Alvarez’s heart beat a little faster, pounding in her ears. Could it be? There was some resemblance, right? Or was she imagining that the boy had a nose that was as straight as hers, that his eyes were as round ... “Could you e-mail these to me?” she asked, her voice a little raspier than usual. She cleared her throat. “It might help.”
“Sure.”
She rattled off her e-mail address and he typed it in.
“Done,” he said, then looked up. “You’re white as a sheet.”
“Am I?” She shrugged it off. “It’s ... it’s been a long day.” And it’s not over yet. Glancing around the apartment, the images of the boy indelibly burned in her mind, she tried to change the subject. “There’s nothing more here. I’m going to start looking for my dog. Just in case he escaped rather than was dognapped.”
“I’ll come with.”
She wasn’t certain that being around O’Keefe was a good idea, but she needed help finding Roscoe.
Together they scoured the neighborhood but found no sign of the dog. They knocked on doors and walked down alleys, eyeing carports and garbage cans, and located a raccoon on his nightly mission, his beady eyes daring Alvarez to come near the small pond where he’d broken a hole in the ice. Baring his teeth in warning, the raccoon stood his ground as she approached. Alvarez left the masked animal to its fishing and continued searching, to no avail.
They gave up an hour later and she put a call in to animal control and left a message with the local vets.
“Gabe’s got him,” O’Keefe said finally as she hung up. Once again they were standing in the front hallway at the base of the stairs, snow melting from their jackets to drip onto the tile floor. She unwound her scarf and hung it, along with her jacket, on the coat tree. “You want some coffee or something?” The last person she wanted to sit down and share a cup of joe with was Dylan O’Keefe, but the guy had just spent over an hour searching for her dog and, quite possibly, was on the trail of her runaway son, a boy she had tried for sixteen years not to think about.
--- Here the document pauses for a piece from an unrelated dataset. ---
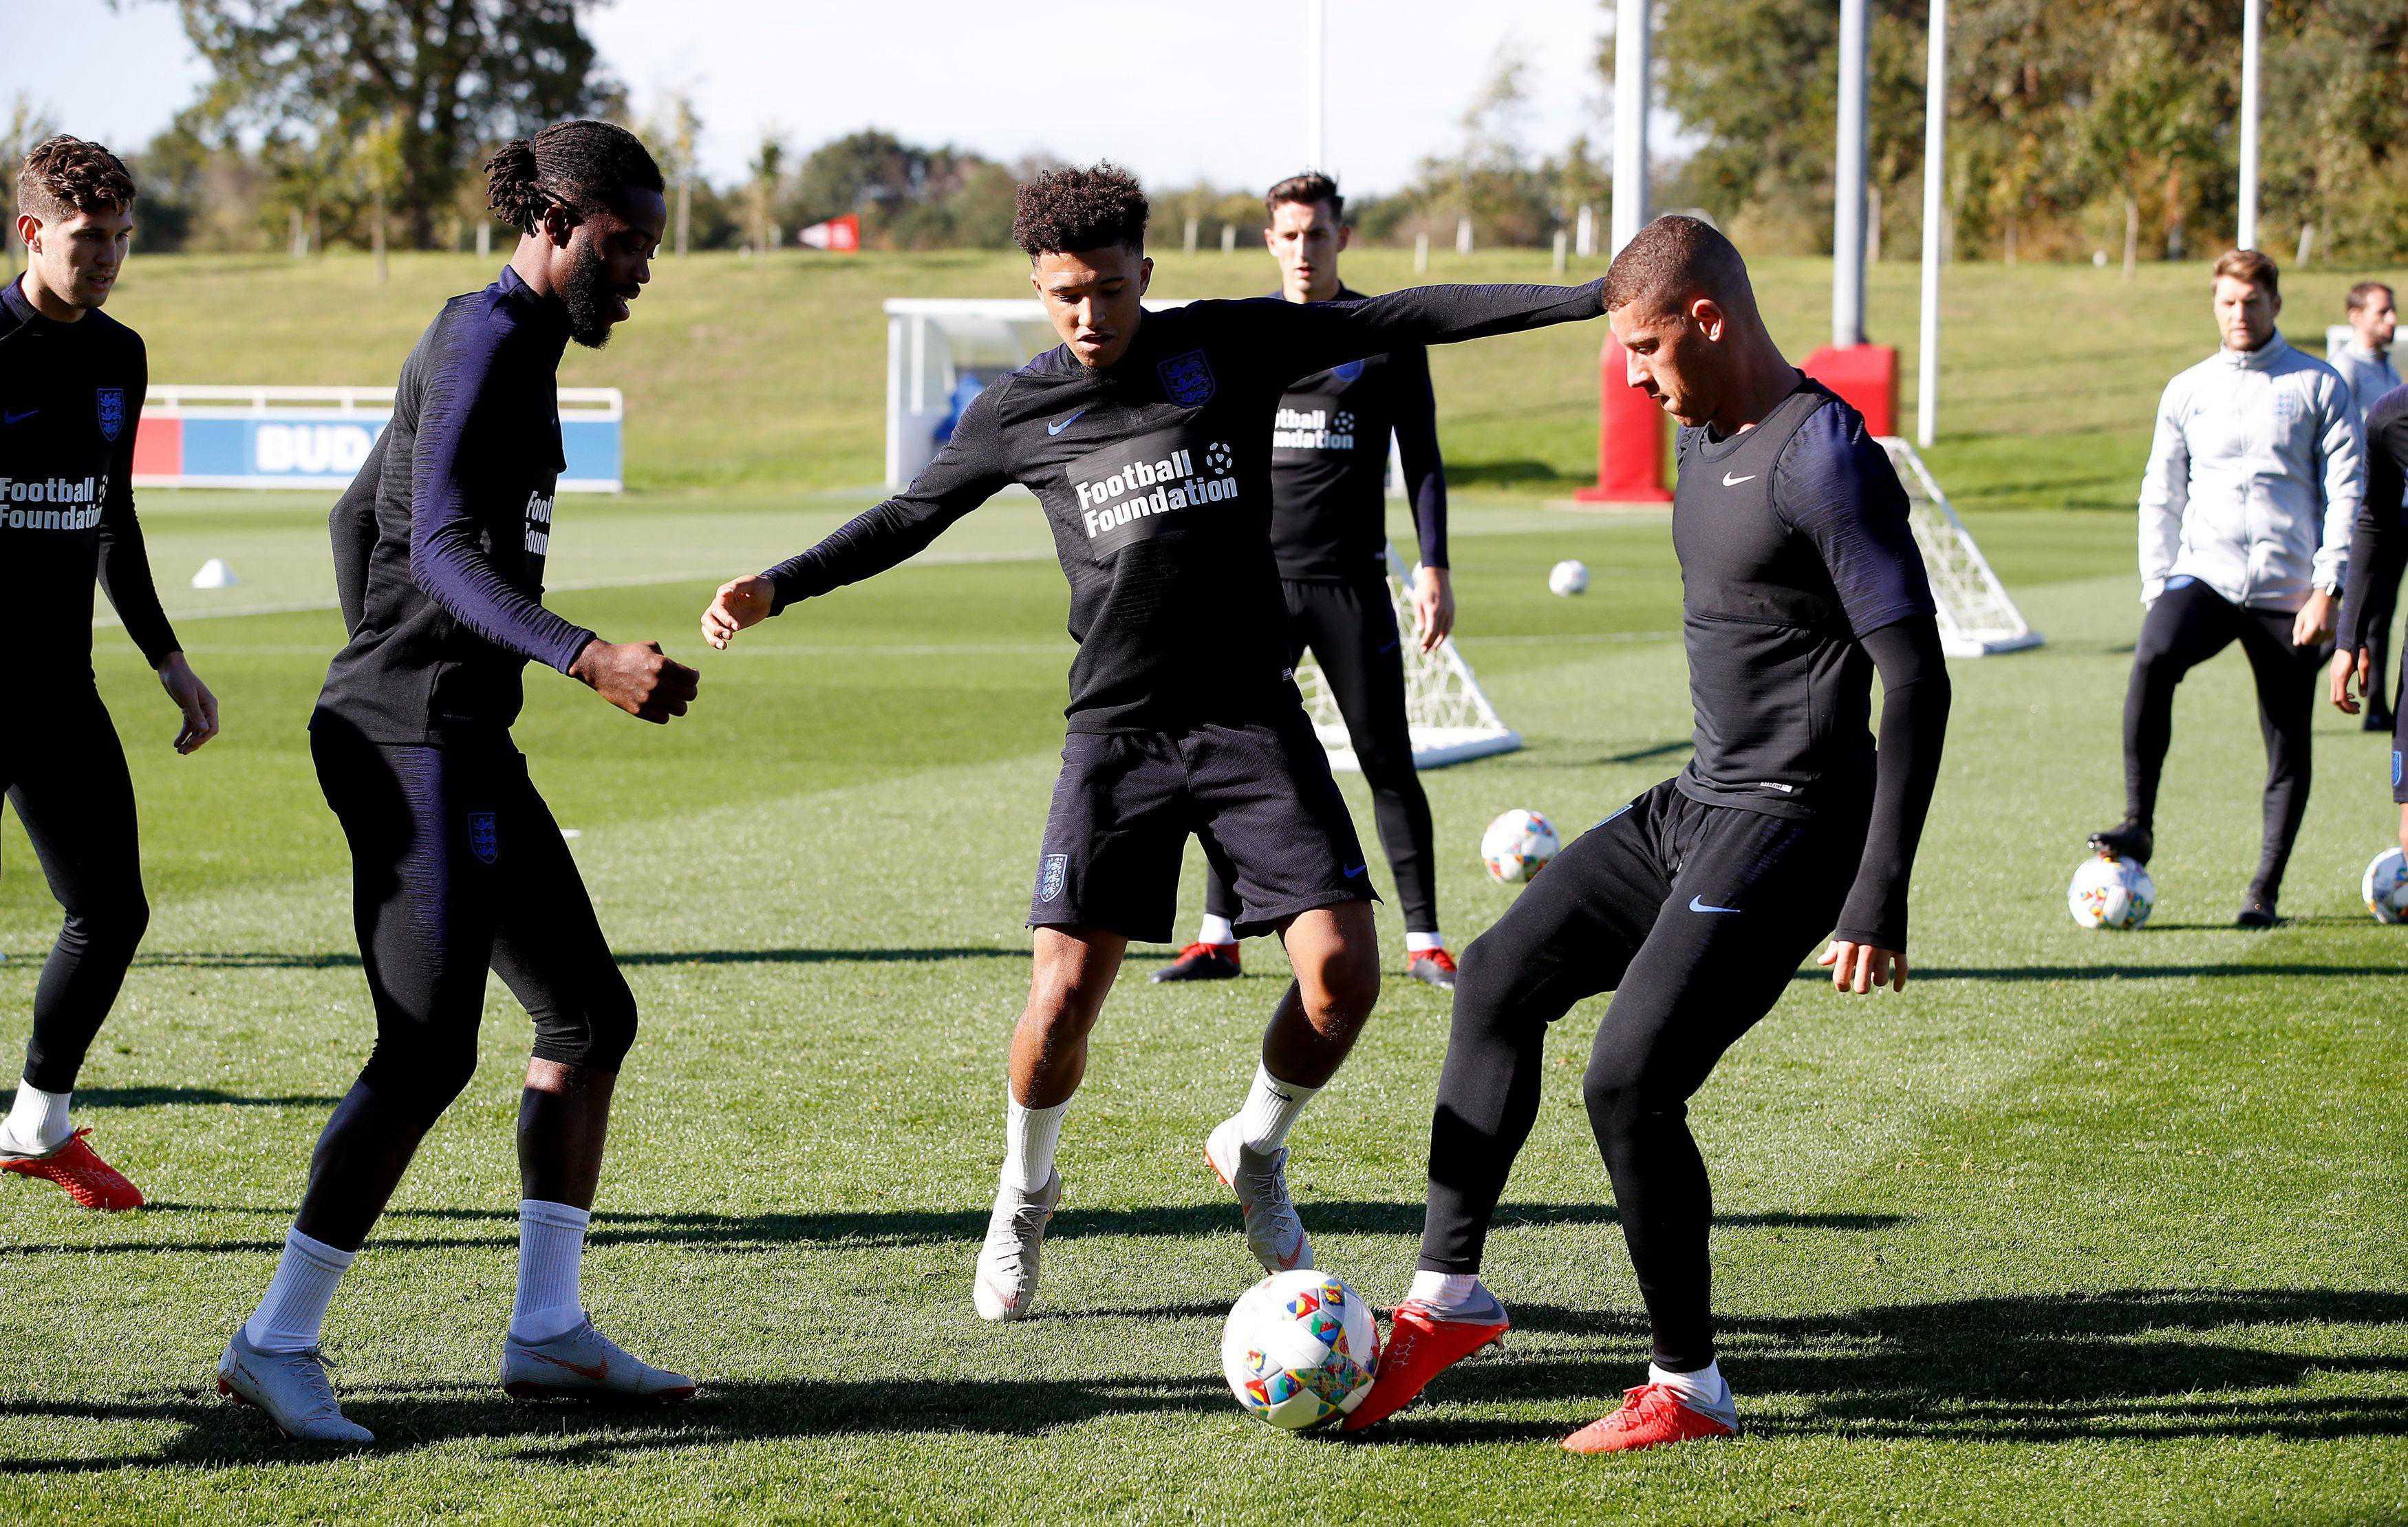 Scooper Football News Where S Jesse England Mock Rashford Over Lingard Bromance As He Arrives For Training

He was about to decline, then thought better of it and yanked off his gloves. “Beer?”
She shook her head. “I only have coffee because it came in a Christmas basket. No wine, either. And come to think of it, I’m fresh out of hot water, but I can heat some in the microwave.”
Still surveying her living area, he said, “Coffee’s fine,” then asked, “You a teetotaler?”
She lifted a shoulder. “Just not interested.”
“Into fitness,” he observed, motioning to the free weights stacked in her bookcase along with police procedural manuals, medical texts and criminology books.